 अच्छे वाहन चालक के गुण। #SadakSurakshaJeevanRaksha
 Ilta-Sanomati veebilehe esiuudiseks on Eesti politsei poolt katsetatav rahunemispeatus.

---

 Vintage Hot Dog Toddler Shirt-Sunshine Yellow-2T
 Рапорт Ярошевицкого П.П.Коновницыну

## TASK DESCRIPTION
Give only the lines from the one holding "Vintage Hot Dog" through the one holding "Рапорт Ярошевицкого П.П.Коновницыну", each restated exactly as it appears above.

## TASK RESPONSE
 Vintage Hot Dog Toddler Shirt-Sunshine Yellow-2T
 Рапорт Ярошевицкого П.П.Коновницыну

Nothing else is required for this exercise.